Healthy and independent longevity

Finally, let me address the goal of achieving a society that features a longevity that is full of vitality. According to Professor Hiroko Akiyama from the Institute of Gerontology at the University of Tokyo, fewer than 20% of Japanese men will begin to lose autonomy from their mid-60s onward and will be reduced to needing long-term care from their early 70s through to their deaths. 70% will be able to lead an autonomous daily life up to their late 70s, and will then gradually lose autonomy. 11% will remain in good health even at the age of 90. These statistics mean that 80% of Japanese men can expect to lead a healthy daily life with potential social participation well into their 80s, if a little support is provided. Based on these statistics, we can assume that engineering innovations based on the theme of health and autonomy will be needed by 80% of Japanese men, while engineering innovations based on the theme of medical and nursing care will be needed by 20%.

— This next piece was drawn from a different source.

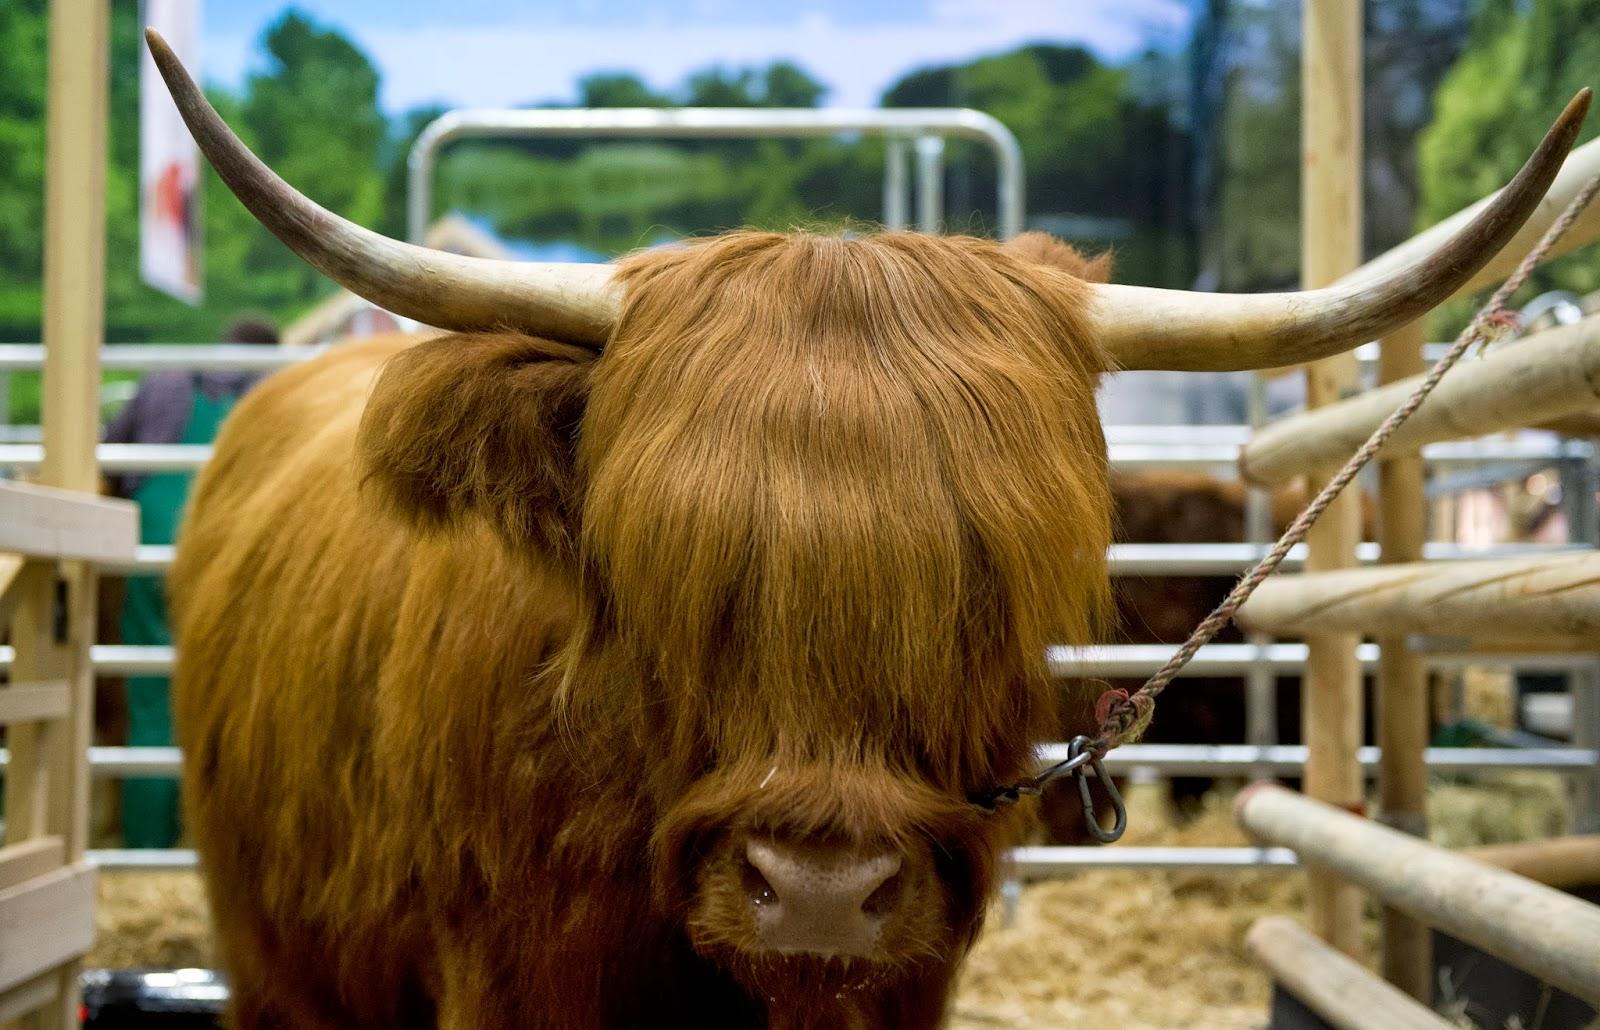 International, Green Week, Berlin, Agriculture Fair, 2014, Animals, Hall, Cow, Contest, Show, Gruene Woche, Green Week, Woman, Stall, Mecklenburg-Vorpommern, Fleckvieh, Farm, Enclosure, Business, Economy, Agriculture,

For example, new possibilities to develop more refined health and medical services in many areas including drug discovery, dietary education, and sports will open up, if personal diagnostic information, health information, and genetic information are integrated, analyzed, and used in the form of big data. Proper treatment based on precise information can be provided anywhere at any time if personal data becomes connectable with community health-care networks via cloud computing systems. In the area of nursing care, robots that support autonomy are under development. For example, a robot-suit for nursing care named HAL is being developed by Professor Yoshiyuki Sankai at the University of Tsukuba.

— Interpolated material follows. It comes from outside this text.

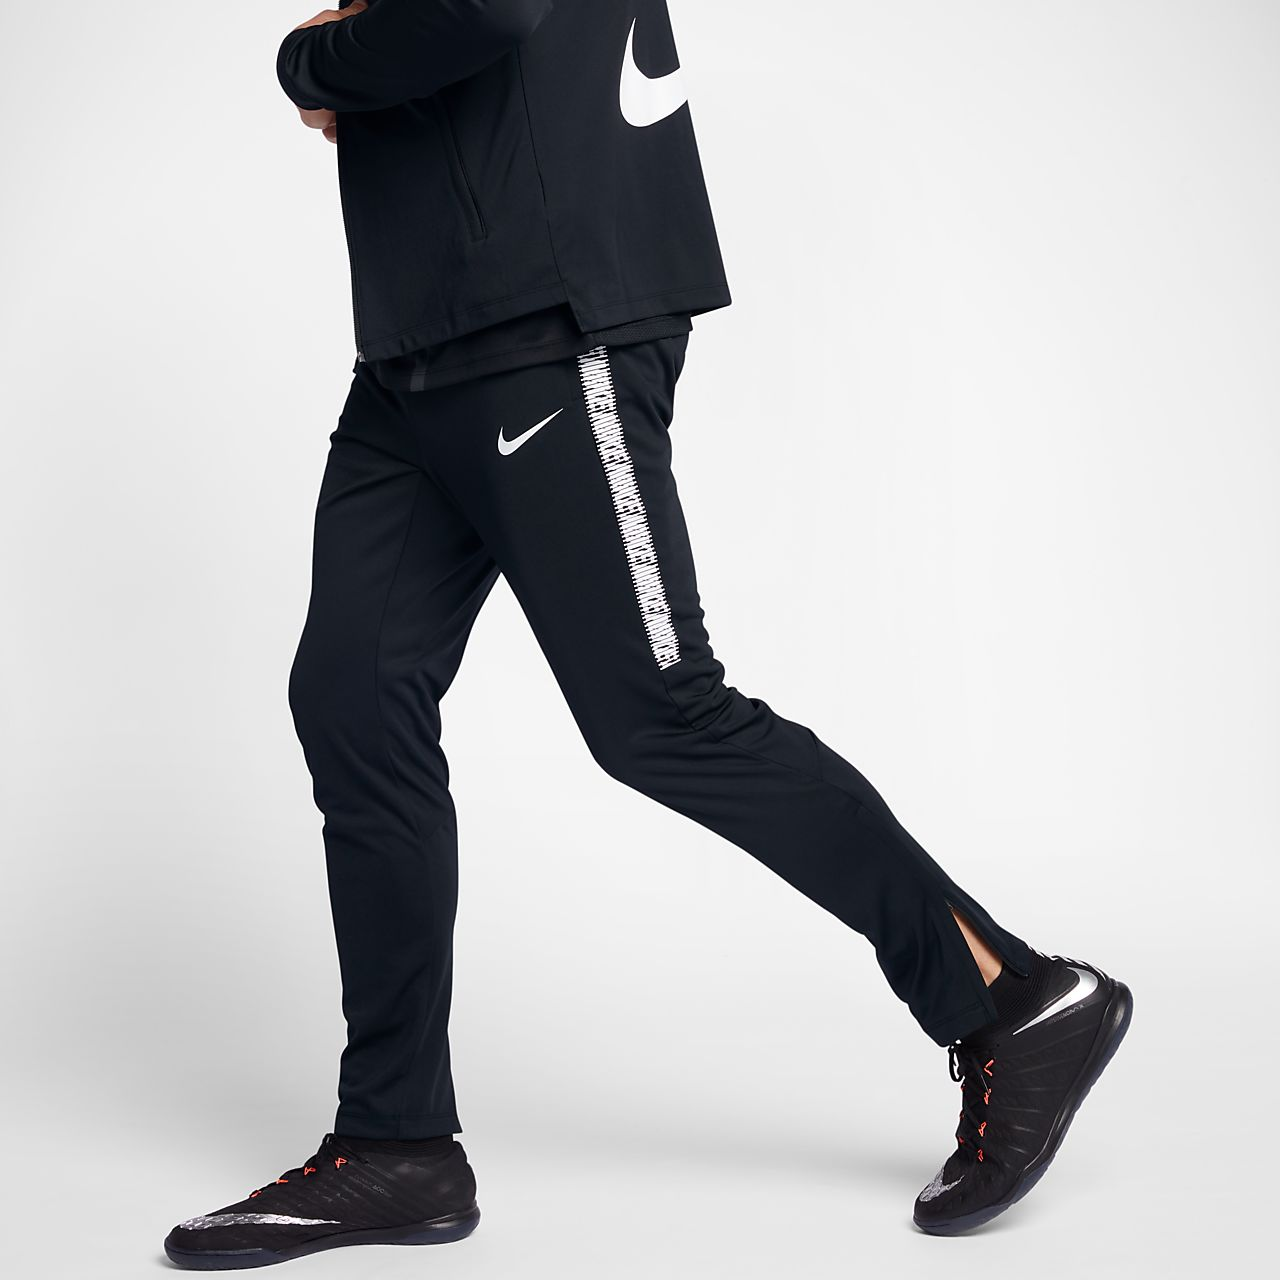 ... Nike Dri-FIT Squad Men's Football Track Suit

In the process of developing such a robot, the Brain-Machine Interface (BMI) will be a key element in the future. BMI is a technology that digitally signals the state of brain activity, and reflects it in the operations of machines and of information and communication equipment. Conversely, it will also be possible to transform an external stimulus into electrical signals, and send them into the human brain, allowing diverse human sensory functions to be resuscitated and reinforced. Autonomy-supporting robots fitted to arms or legs that can be directed by the brain through thought will become available in the near future. We can go so far as to say that thanks to BMI, it will be possible to lead an autonomous daily life for as long as sound brain functions are maintained. BMI is an innovative technology that will enable us to take a giant step toward our visionary goal of every individual being able to lead an autonomous daily life with dignity and happiness.

The process of engineering scienceis an innovative one that moves constantly toward solving societal problems. This process is almost the same as creating, step by step, a refined total system in which a diversity of elemental technologies are perfectly integrated. The examples I have introduced as some of the major challenges facing the Japanese engineering science community will realistically confirm this point. Engineering science that is oriented toward a Platinum Society now requires the capability to identify and structure a concrete agenda, as well as the competence to effectively mobilize and systematically integrate a variety of human resources, ideas, and technologies to solve problems.